Through the outcome of implications for practice, we found that about 64% of the interventions were judged to be beneficial or harmful. However, there was insufficient evidence to judge the interventions in 36% of them (Table 1).
Regarding general factors, with a 95% confidence interval, we expect that each new OoR will include between 9,462 and 64,469 patients, between 9 and 29 SRs and between 80 and 344 primary studies, and will assess between 6 and 21 interventions. Between 50 and 92% of OoRs that pool data qualitatively will generate between 2 and 26 meta-analyses. Additional details are analyzed in Table 1.
Most of the OoRs (62%) conducted searches for systematic reviews only in the Cochrane Database of Systematic Reviews (CDSR). However, those that conducted external searches, in addition to searching in the CDSR, used between one and ten databases (Table 1).
Table 1 also shows that, from the date when the OoR title was registered, the authors spent about two years (about one year for planning/preparing the protocol and another year for implementing the full study) until the date of publication.
Only 23% (3/13) of the OoRs did not identify the study type in the title. The same also occurred in the protocols for OoRs (6/28).
DISCUSSION
The Cochrane Collaboration’s OoRs are supervised by one of the 16 methods groups, the Comparing Multiple Interventions Methods Group. This methods group of the Cochrane Collaboration was established in 2004 and initially was called the Umbrella Reviews Working Group.47
Other milestones during the development of the OoRs methodology occurred in 1996, 1997, 1998 and 2005. Between February 1997 and December 1998, the first series of OoRs,48,49,50,51 four reviews relating to pregnancy were published as a partnership between researchers from the UK Cochrane Centre and the World Health Organization. In 1996, Julian Higgins and Anne Whitehead published the first article to describe the standard Bayesian approach towards multiple-treatment meta-analysis (MTM).52 In 2005, in the 13th Cochrane Colloquium in Melbourne, Georgia Salanti made a presentation on MTM methodology,53 co-authored with Julian Higgins and Valeria Marinho. This won the prize for best oral presentation and helped to popularize the technique.
In this context, the present systematic review describes how far the knowledge of the select group of Cochrane OoRs published in the CDSR has reached. Although we only included 13 OoRs, these studies published in the CDSR by the Cochrane Collaboration stand out through their methodological rigor. This was highlighted in two studies54,55 that compared the methodological rigor of Cochrane systematic reviews with non-Cochrane systematic reviews. On January 24, 2011, in recognition of the contribution to healthcare that the Cochrane Collaboration has made,56 the World Health Organization lauded the Collaboration as a non-governmental organization, with a seat in the World Health Assembly and voting rights, in order to help manage healthcare worldwide.

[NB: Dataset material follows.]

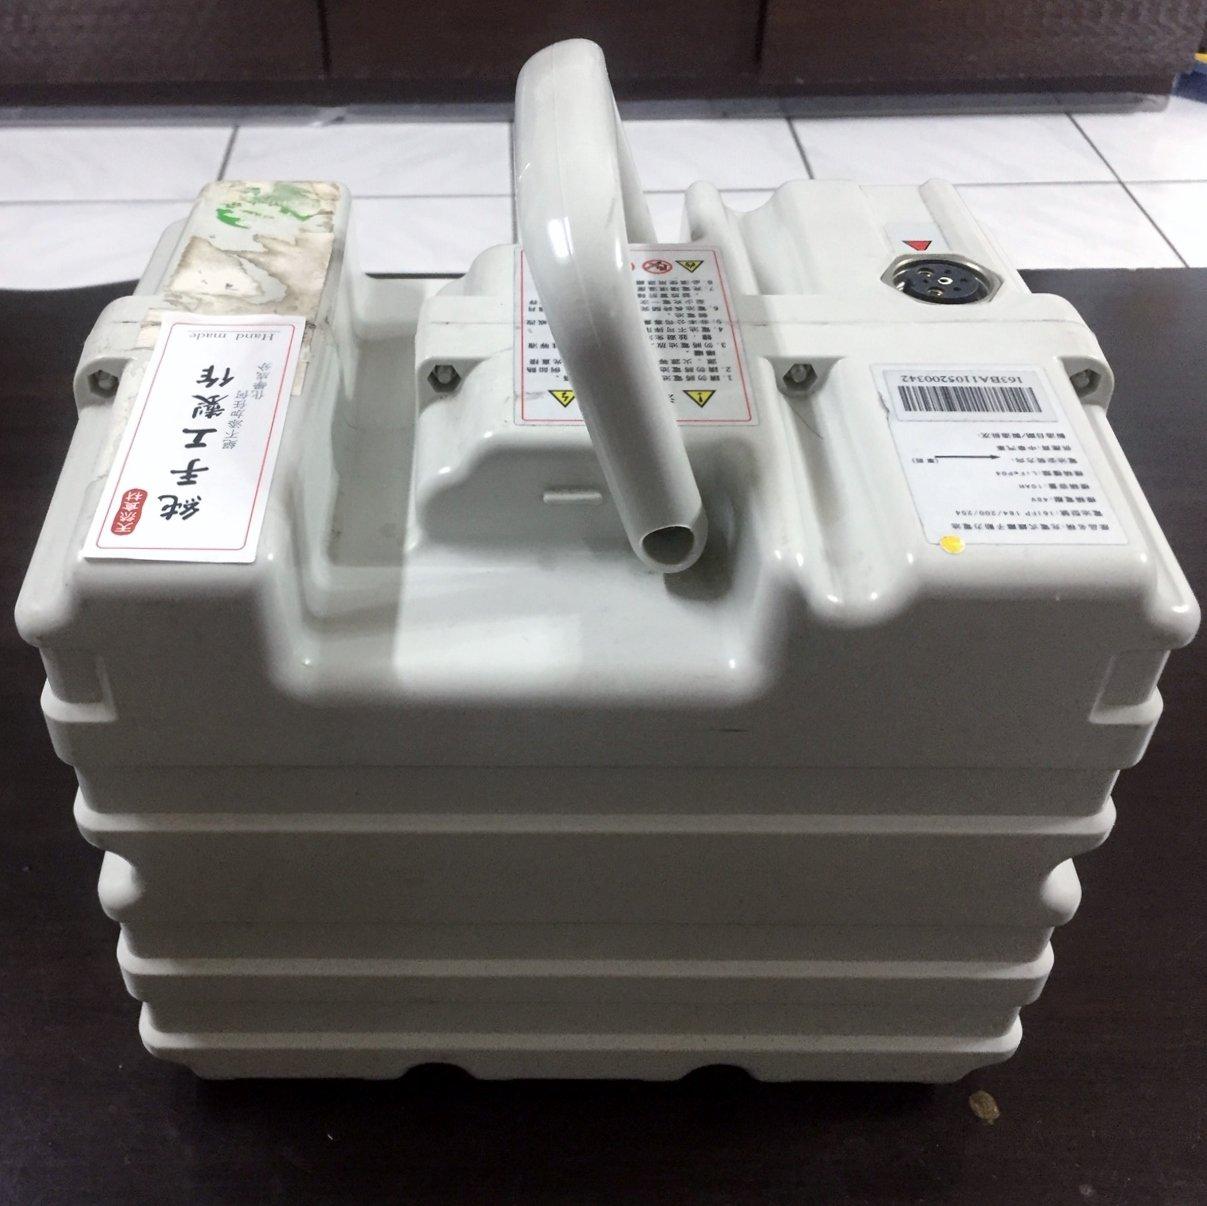 e-moving emoving中華電動二輪車 中華電動摩托車 電動機車 電池芯更新 電池改裝 電瓶改裝 磷酸鋰鐵電池

As examples of Cochrane systematic reviews,54,55 all the OoRs included in this review had high methodological quality and therefore less risk of bias, according to the results obtained through AMSTAR.8 However, the reasons why not all the OoRs included obtained the maximum score need to be discussed:
The protocols for two OoRs36,38 were not found in the Cochrane Library or in Archie, even though one of them cited the protocol.38 Registration of the protocols for OoR, just as for clinical trials and systematic reviews, allows assessment of methodological quality, provides transparency in conducting the study and minimizes occurrences of publication bias or selective reporting of outcomes.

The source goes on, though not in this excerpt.